- GÜNAHLARIN - TOZU -
• Rahmân ve Rahîm olan Allah'ın adıyla.
• Allah'a hamd Resulün'e sâlât ve selâm olsun.
• Allah'ın rahmeti bereketi mağfireti daima yardımı üzerinize olsun.amin
"Sübhaneke lâ ilmelenâ illâ ma âllemtenâ inneke entel âlimul hakîm."
• "Ve ahiru davana enil hamdulillahi rabbil alemiyn.. Gâle Rabbin surni bime kezzabun..
Emmâ ba’d. Amin..
Es-Selâm: Celle - Celălûhu ("Her türlü tehlikelerden selamete çıkaran.")
Öncelikle yine : Bıkmadan usanmadan tekrar ediyoruz Filistin/ Gazze, Doğu Türkistan ve dünyanın dört bir ,,
- yanında Savaş, işkence ve zulme maruz kalan tüm din kardeşlerimizin ve insanlığın sesi olmaya ,,
- unutmamaya unutturmamaya devam ediyoruz.

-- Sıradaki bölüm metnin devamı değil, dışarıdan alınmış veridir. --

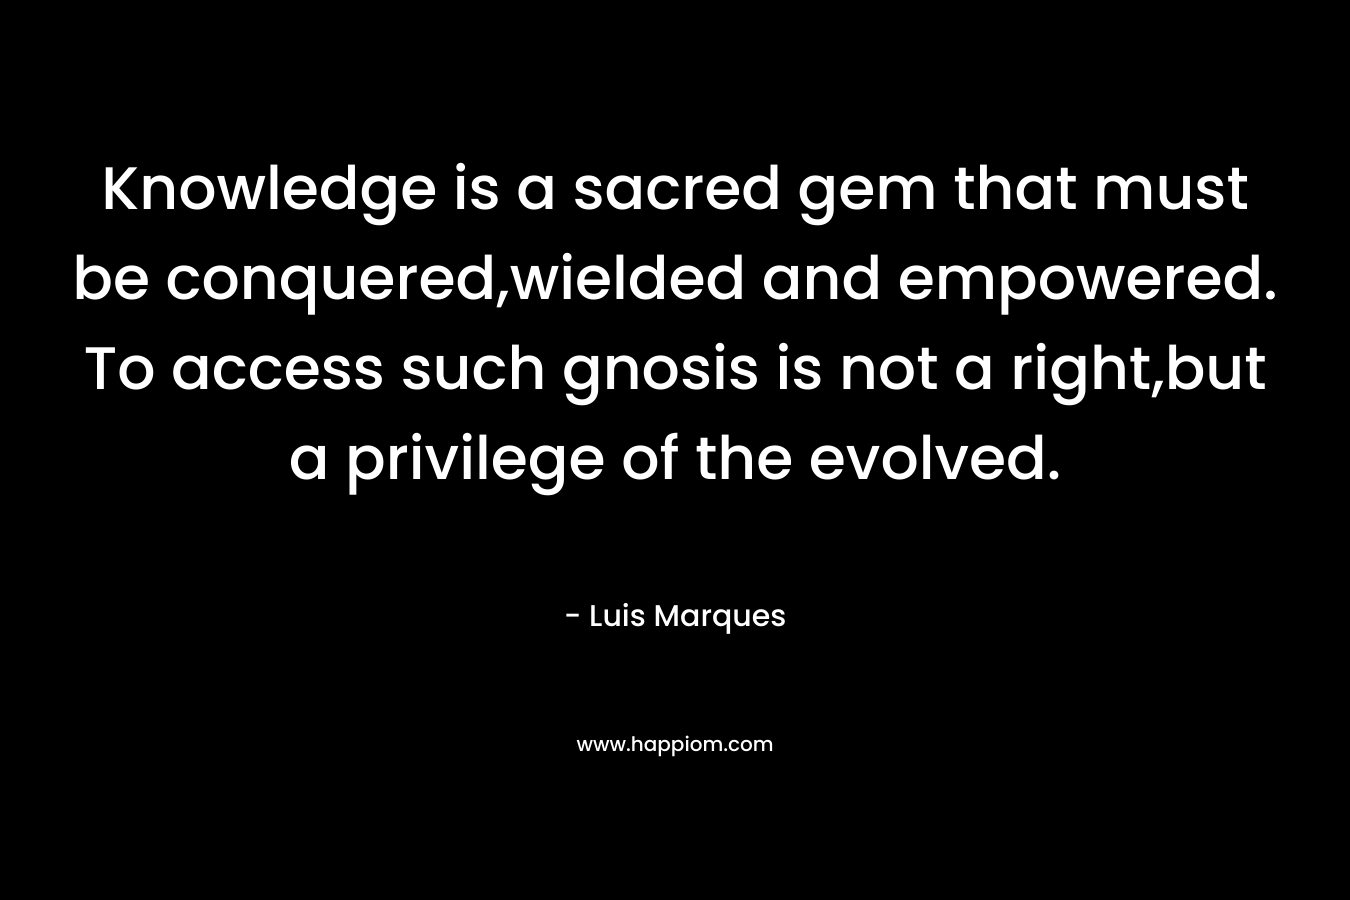 Knowledge is a sacred gem that must be conquered,wielded and empowered. To access such gnosis is not a right,but a privilege of the evolved. – Luis Marques

Değerli kardeşlerim Günümüz dünyasınd gerek geçmiş kavimlerden gerek Allah'ın
- ayetlerinden Peygamber efendimizin sünnet ve güzide hayatından ibret ve dersler alarak her nekadar büyük, küçük
- günahlardan sakınsakda tozu üzerimize bulaşıyor.

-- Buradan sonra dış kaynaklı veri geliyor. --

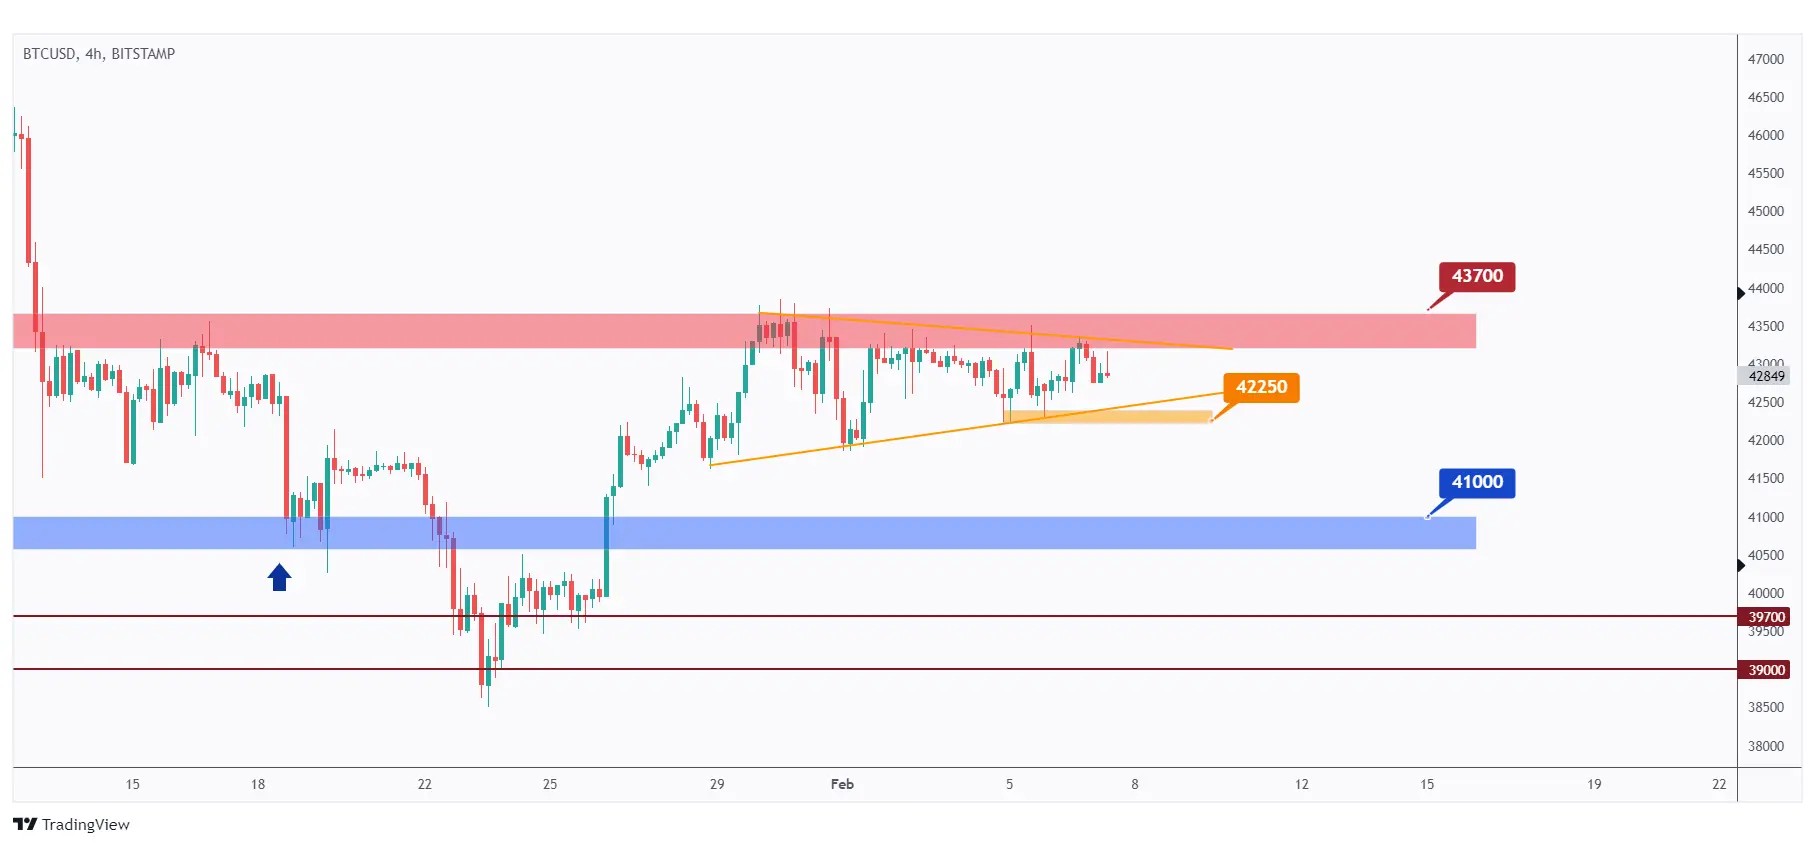 BTC 4h chart rejecting a strong structure and showing the last major low at $42,250 that we need a break below for the bears to take over.

Bu nedenle önce kısa ve ibret alabilmek için ad kavmiyle başlıyoruz yazımıza....
Hz. Hud aleyhislam 'Âd kavmine peygamber olarak gönderilmişti.
Bu kavim Nuh kavminin yerine getirilmişti. Yaratılış bakımından da daha güçlü kılınmıştı.
Ancak Âd kavmi kendilerine bahşedilen kuvvete ve türlü nimetlere karşılık Allah'a
- şükredip kulluk etmek yerine şımarıp kibirlendi ve putperestliğe saptı.
Hûd (a.s.) kavmini tövbe edip hak dine dönmeye davet ettiyse de akılsızlık ve yalancılıkla itham edildi.
Halbuki o, kavmi adına büyük bir günün azabından korkuyordu. Kavmi hiçbir şekilde ikna olmadı.
Azaba uğrayacaklarına asla inanmadılar. Bununla da yetinmeyip Hz. Hûd'a tehdit ettiği azabı getirmesi için meydan okudular.
Bunun üzerine yedi gece sekiz gün boyunca devam eden uğultulu ve dondurucu şiddetli bir rüzgârla helak edildiler.
İçi boş hurma kütükleri gibi oldukları yere serildiler kaldılar.
Felaketten yalnızca Hûd (a.s.) ve ona iman edenler kurtuldular..
Türkiye’de geleneksel ve modern cahiliyenin sentezi din anlayışları ile kimi bireysel
- ibadetlere indirgenmiş “seküler dindarlıklar” Müslümanlık olarak algılanmaya başlandı.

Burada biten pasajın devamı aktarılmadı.